YOLLAR VE İNSANLAR
yollar Yollar vardır yürüdükçe yorar insanı, yollar vardır, yürüdükçe yürümek istersiniz… Çocukluğunuzda yürüdüğünüz yollar vardır, bir tarafında gül bahçeleri, diğer tarafında çam ağaçları… “Bir daha o yollardan geçemeyeceksin” deselerdi, kesin inanmazdınız.
İnsan olmanın yolları vardı, yol demek üslup demekti o zaman, sizi kendisine çeken yollar, üsluplar vardı. Arkadaşlarınız vardı birlikte yürüdüğünüz, ruhça size benzeyen ya da benzemeyen, aynı yolun yolcusuydunuz, benzer çilelerin insanlarıydınız. Kimi zaman yılgınlıklardı sizleri birbirinize yaklaştıran, kimi zamansa sevdalardı, sevinçlerdi, sevgilerdi…
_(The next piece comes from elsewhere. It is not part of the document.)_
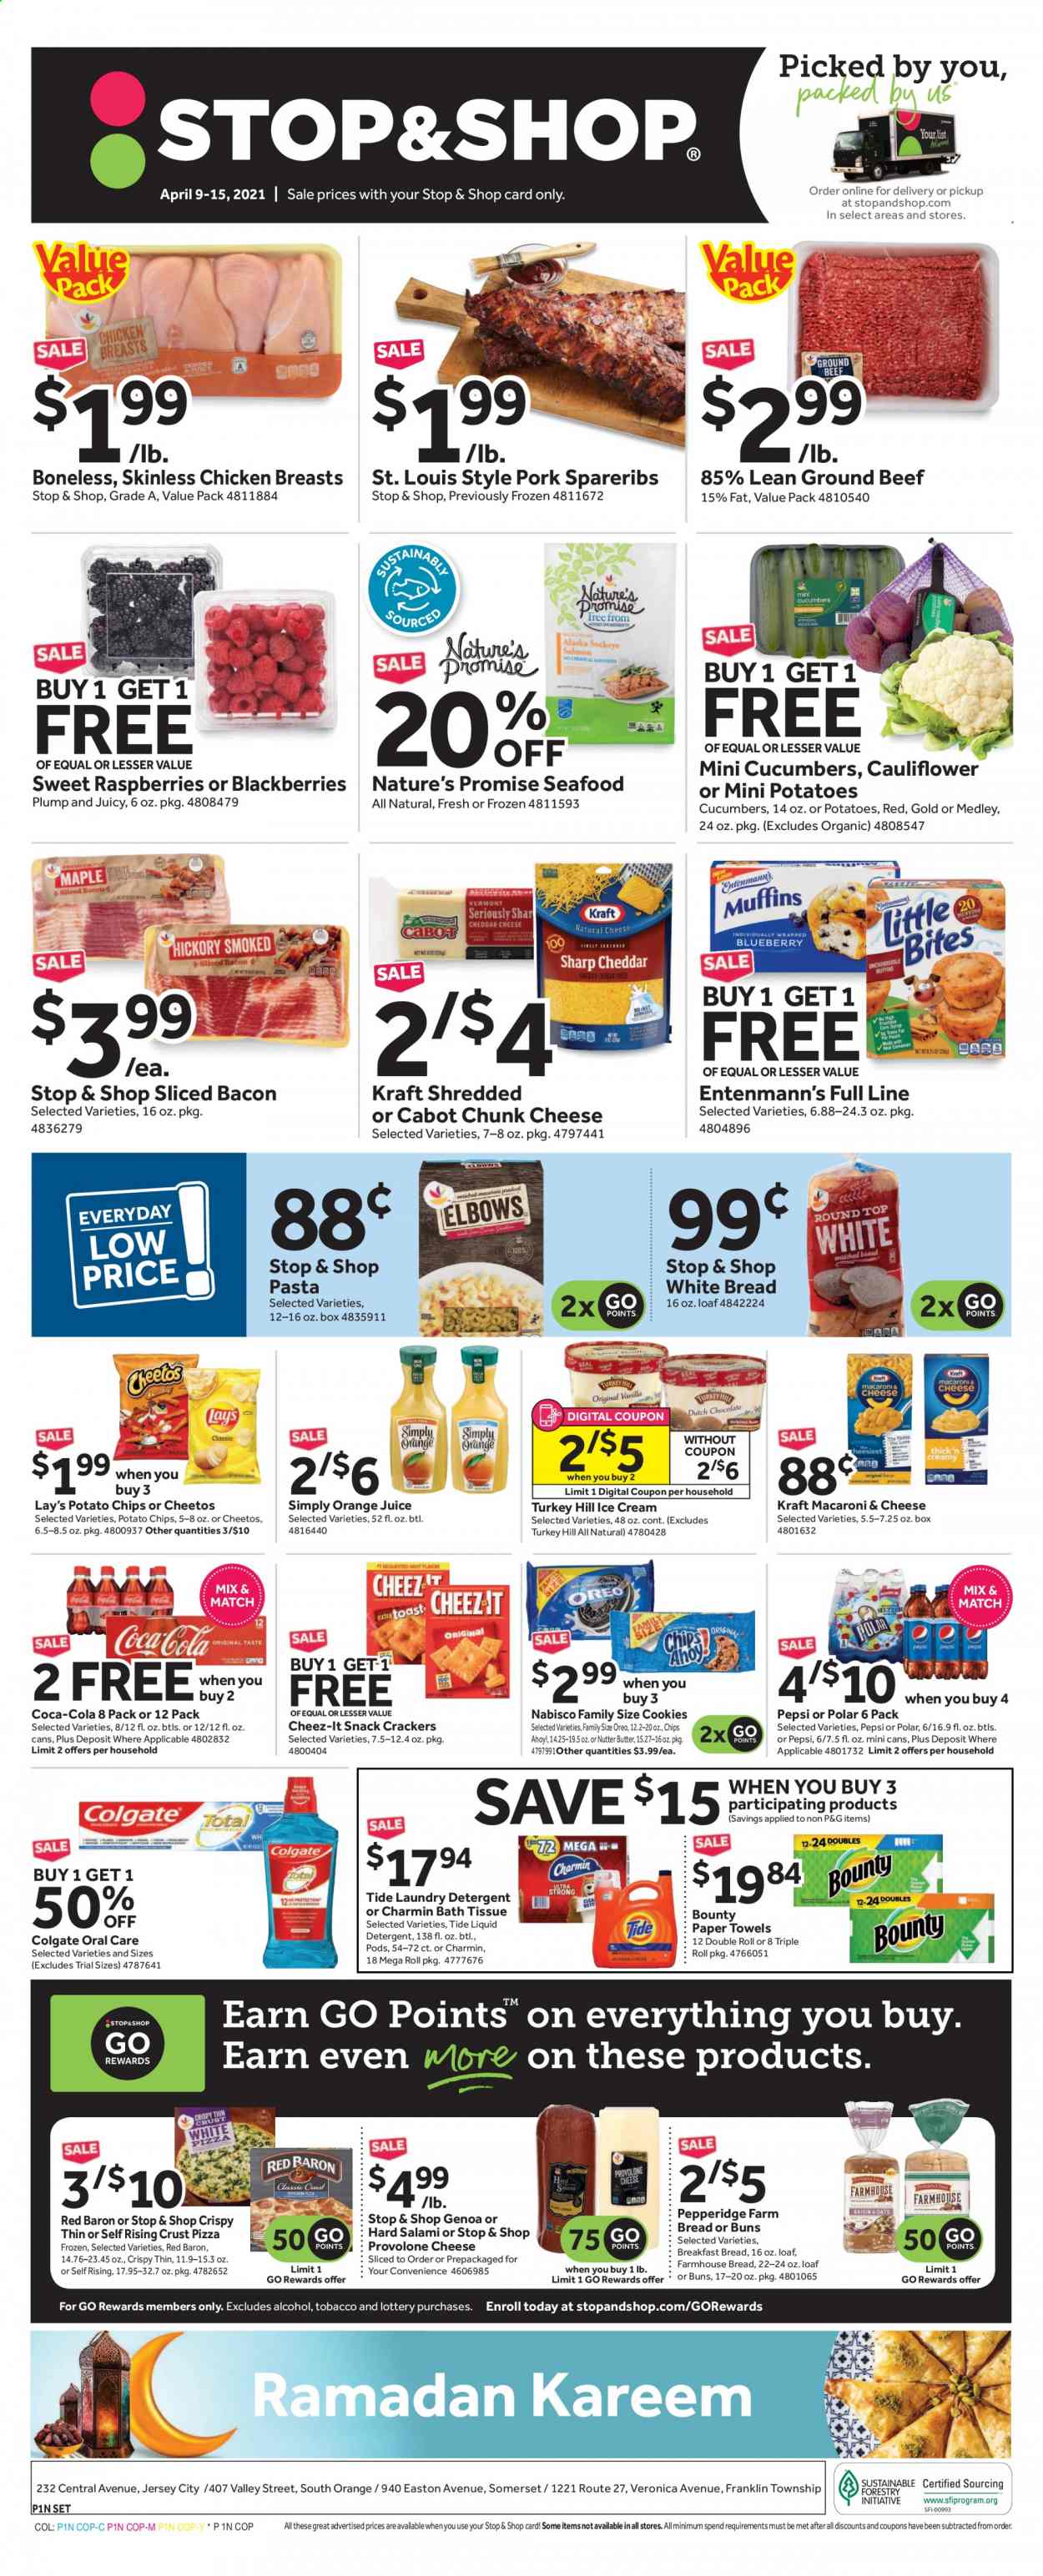 thumbnail - Stop & Shop Flyer - 04/09/2021 - 04/15/2021 - Sales products - white bread, buns, Nature’s Promise, muffin, Entenmann's, cauliflower, blackberries, raspberries, chicken breasts, beef meat, ground beef, pork spare ribs, seafood, macaroni & cheese, pizza, Kraft®, bacon, salami, chunk cheese, Provolone, Oreo, butter, ice cream, Red Baron, cookies, snack, Bounty, crackers, Little Bites, potato chips, Cheetos, Lay’s, Cheez-It, pasta, Coca-Cola, Pepsi, orange juice, juice, bath tissue, kitchen towels, paper towels, Charmin, Tide, laundry detergent, liquid detergent, Colgate, Sharp, pin. Page 1.

Bir narin gonca gibi tutarsınız birbirinizi gönül bahçenizde, gönül bahçenizi süsleyen duygularınız, hisleriniz vardı. Yol birdi, yolculuk aynı tarafa. Kimin elinden şefkatle tutulacaksa, kimler yolda koşarken dizlerini kanattıysa onlara söylenecek sözler vardı. Bir güzel sözü esirgemek yolun yolcusuna yakışmazdı, her şey yerinde zamanında olmalıydı.
Bizleri çeken bir üslup vardı demiştik, seçilmiş olanların yolunda bir’liğe ulaşan bir ölçü vardı. Fark ettiğimiz ve fark etmeyi beklediğimiz, umut ettiğimiz incelikler, detaylar, hakikatler vardı. Yolda yürümek insan olmayı umut etmekti, yolda yürümek bu nedenle zorluklarıyla güzeldi.
Ömür biter yollar bitmez derler, nice canlar vardı yollarda yitirilen, güzel bir gaye uğrunda yol olan canlar vardı. Seyyid Nizamoğlu derdi ki: “Gece gündüz döne döne/İstediğim Hak’tır benim/Allah deyip yana yana/İstediğim Hak’tır benim./Ko yanayım kül olayım/Taşkın akan sel olayım/Çiğnet beni yol olayım/İstediğim Hak’tır benim.”
Yol olmak; gönülleri yol eden, sultanları kul eden, dağı taşı kül eden sözler vardır, lafızlar vardır. Gönüller nasıl yol olur, sultanlar nasıl kul olur, dağ taş nasıl kül olur bunların da bir yolu, bir üslubu vardır mutlaka…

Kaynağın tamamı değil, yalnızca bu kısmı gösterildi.